Gazpacho is a Spanish/Portuguese chilled tomato based soup. There are various recipes but traditionally made from tomatoes, garlic, capsicum, cucumber, onion, vinegar, red wine, white bread and olive oil which is then blended together to form a cold soup.
Gazpacho originates from the Spanish region of Andalusia which is the Southern area of Spain. Gibraltar in the West shares a border with Andalusia, the region then continues along the coast line of the Mediterranean Sea to the east. Seville or Sevilla in Spanish is the Capital of the Andalusia region.
The recipe of Gazpacho is years old and is thought to have come with the Arabs or with the Romans when they invaded Spain.
Gazpacho today has many different takes, and other cold soups have been created which included watermelon, avocado, cucumber and other variations so Gazpacho today can mean a fruit or vegetable chilled soup.
Gazpacho is very popular in Portugal but in Portuguese it is called Gaspacho so very similar.

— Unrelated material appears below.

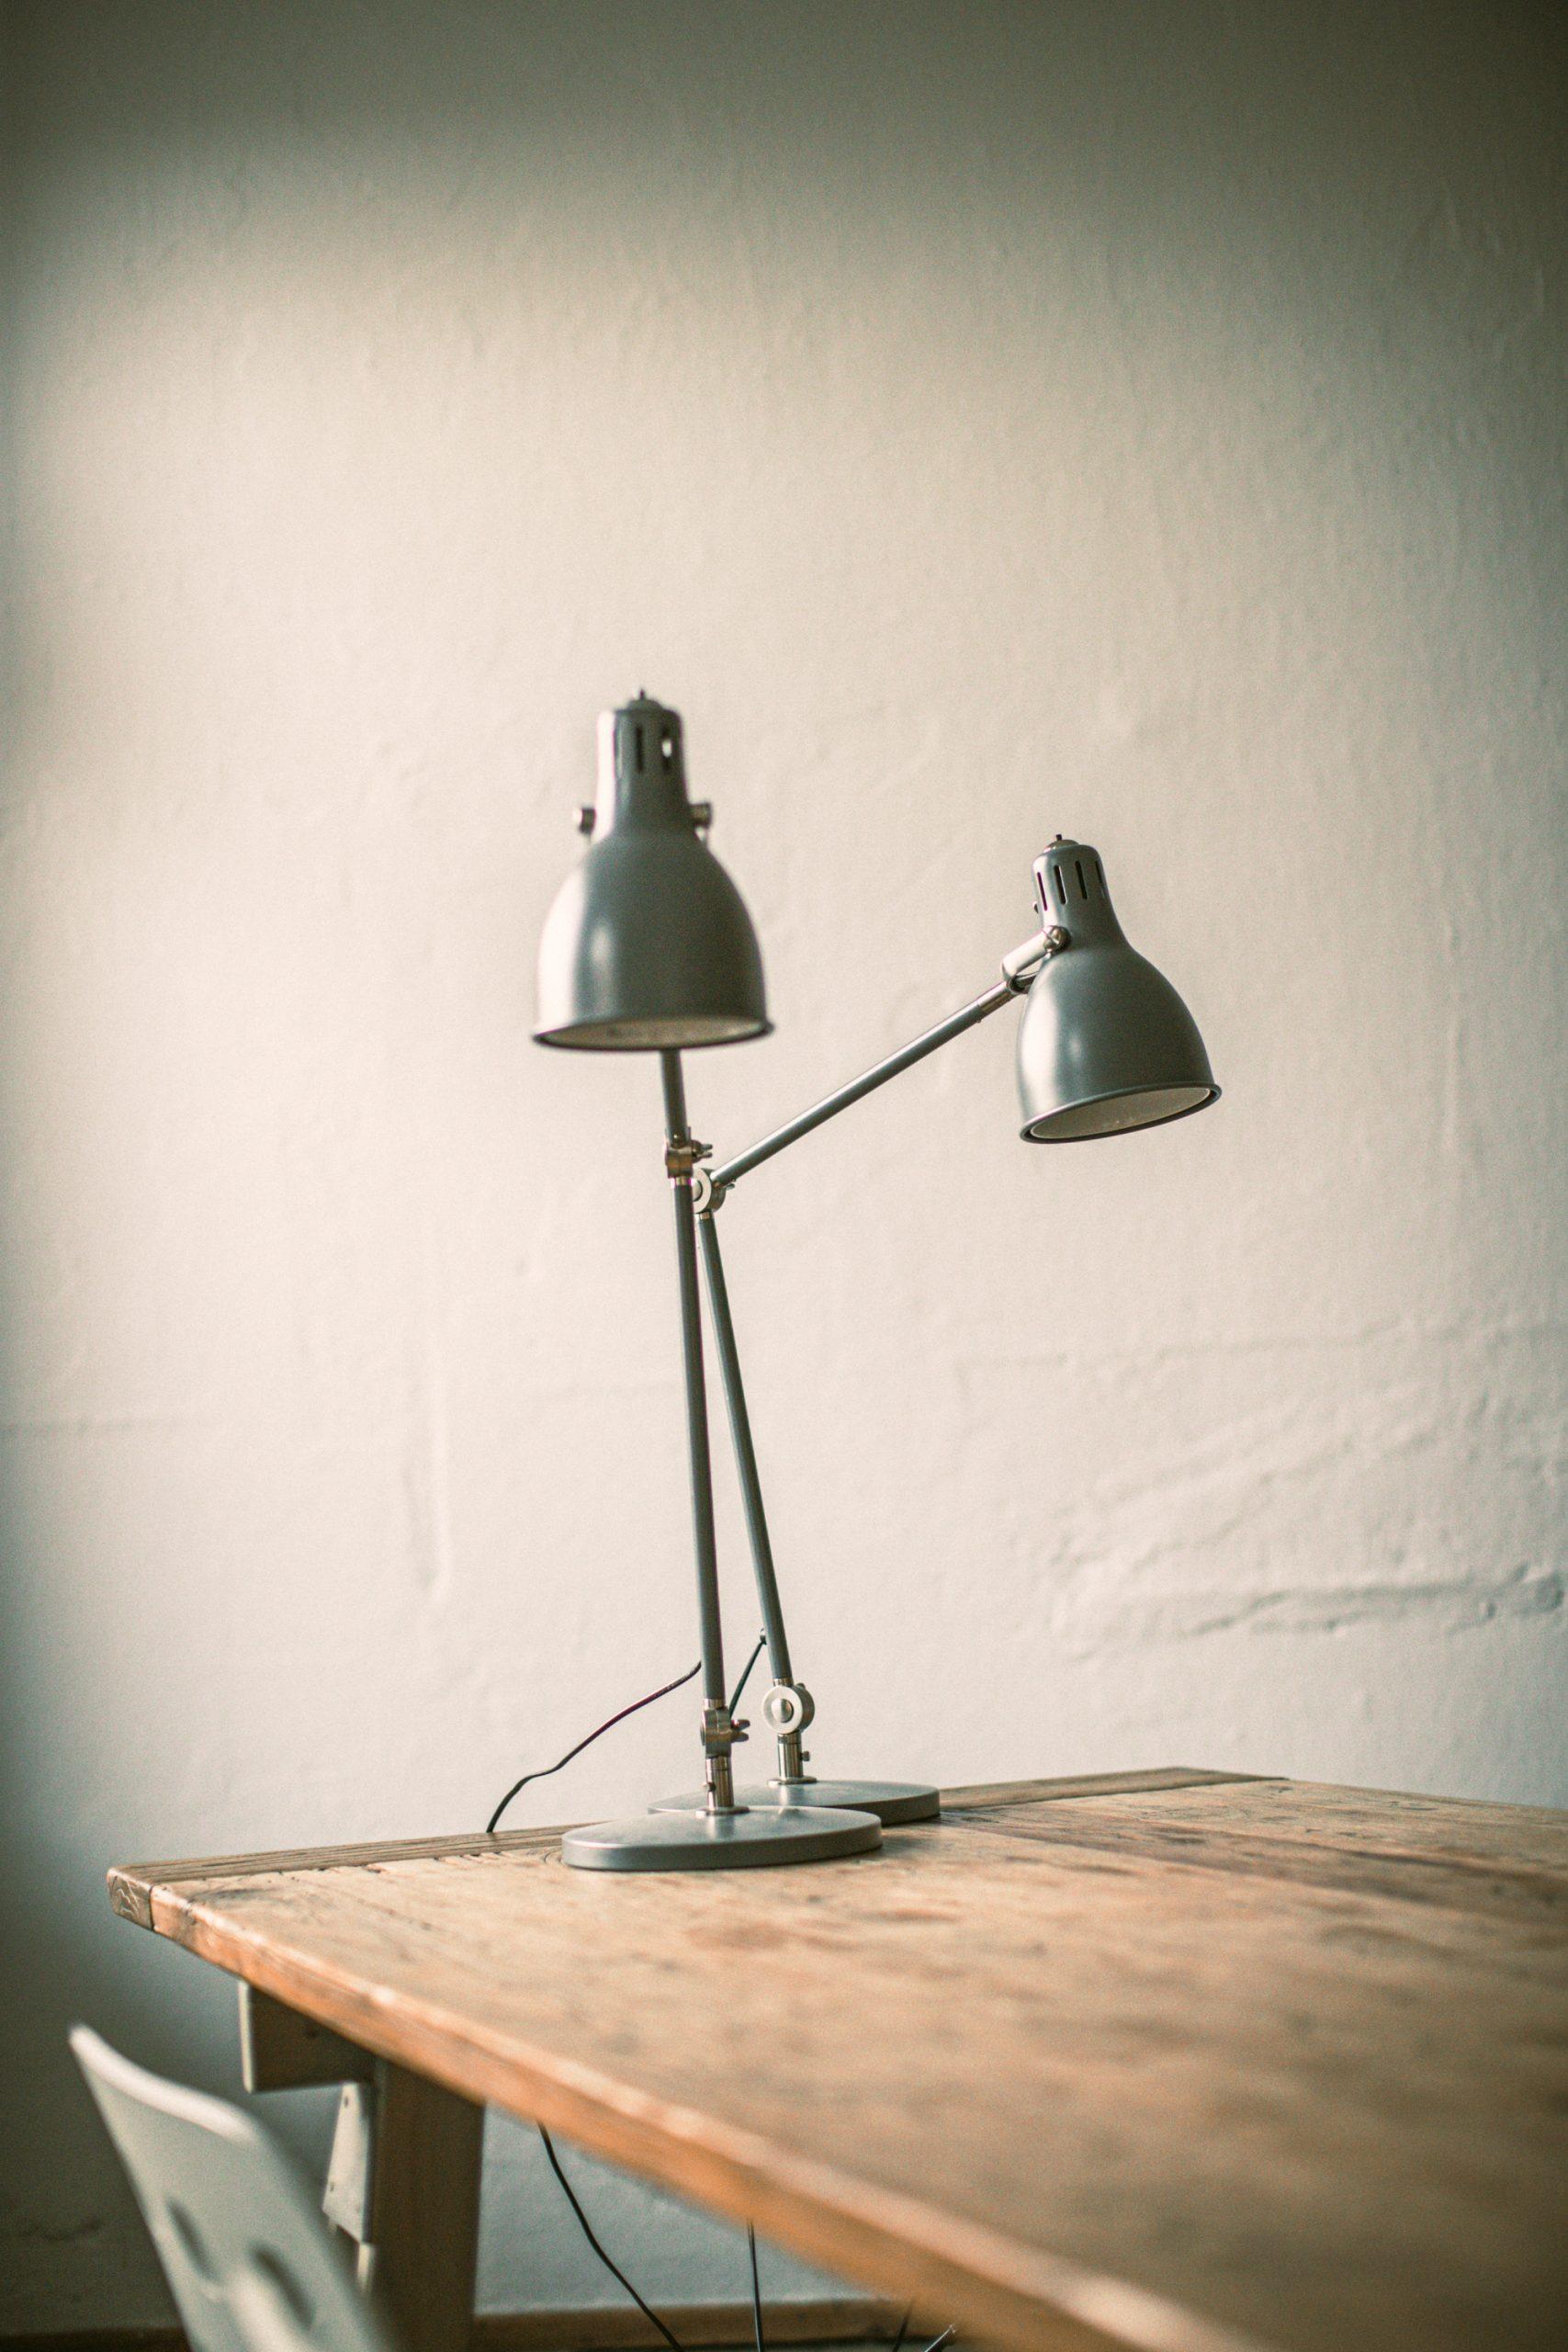 fotoproduktion-lampe-details-kme-studios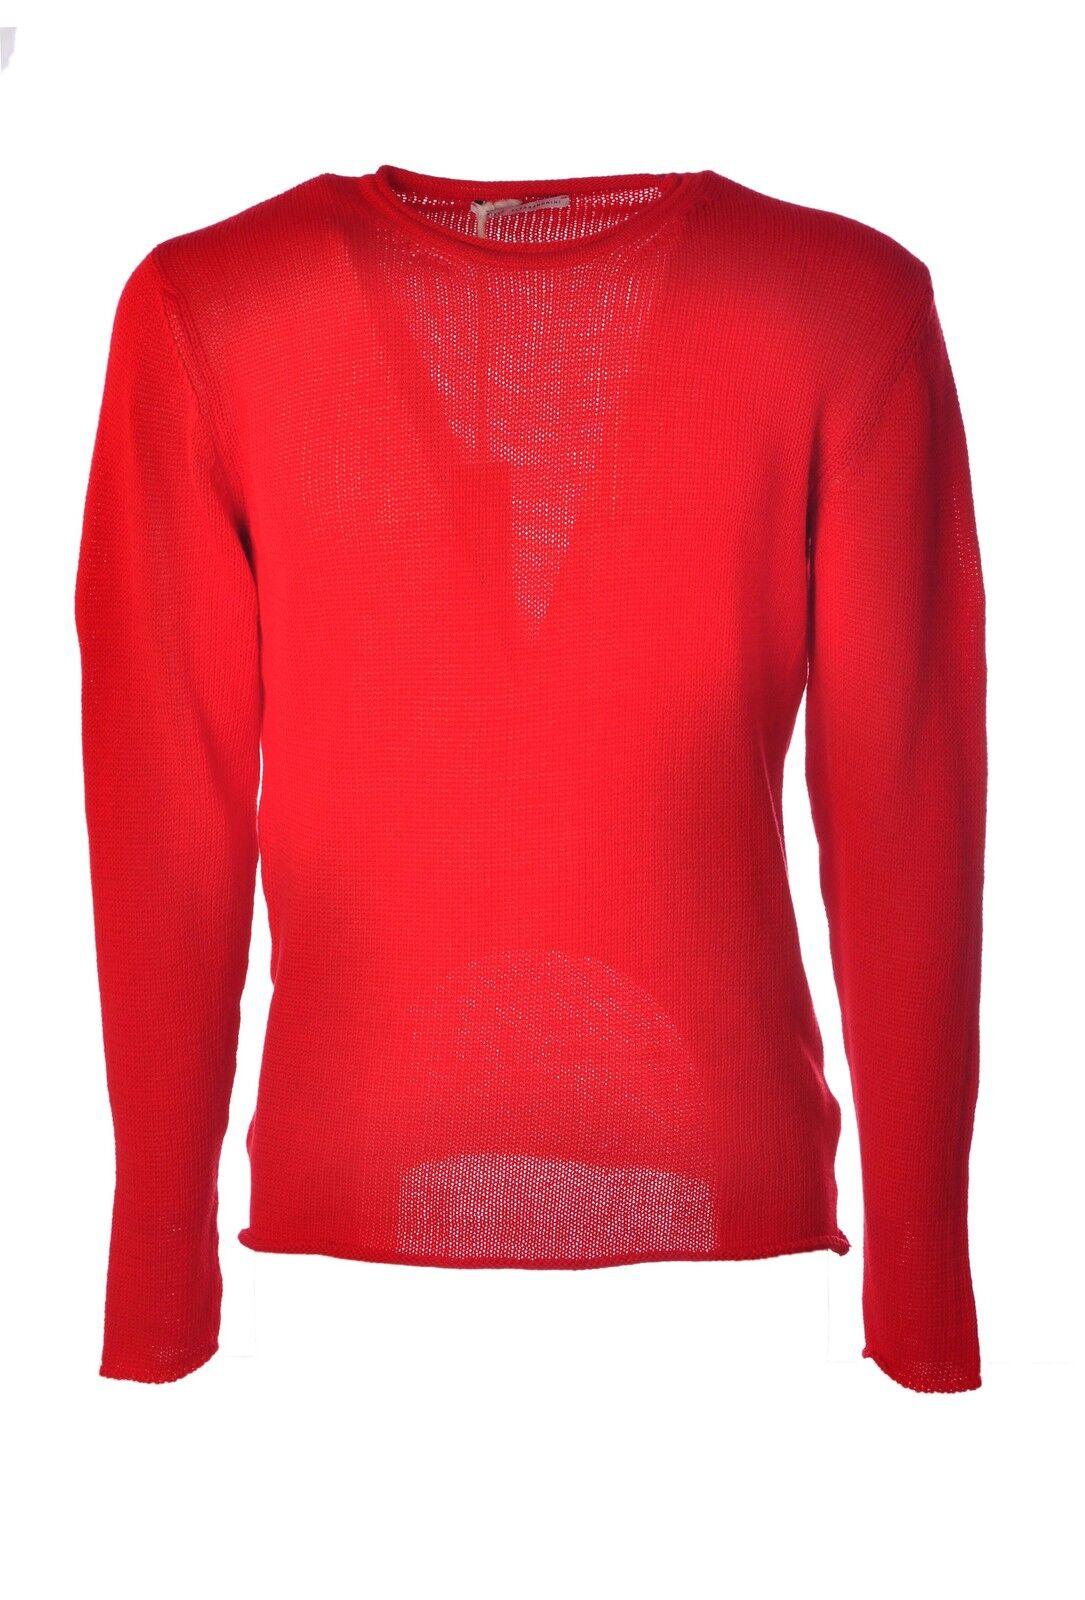 Daniele Alessandrini  -  Sweaters - Male - ROT - 3816429A181304

Gazpacho is generally consumed in the summer months and used to cool the body, as well as tomatoes, capsicums and cucumbers being plentiful at this time. Stale bread can be used too, so traditionally was a great way of using up old bread.
I imagine with the Mediterranean summers being so hot that Gazpacho can act as a medicine against disease with tomatoes having an antioxidant effect, garlic and onion being a natural antibiotic, vinegar is good at warning off infection too. With the soup being chilled assisted the body to be cooled internally.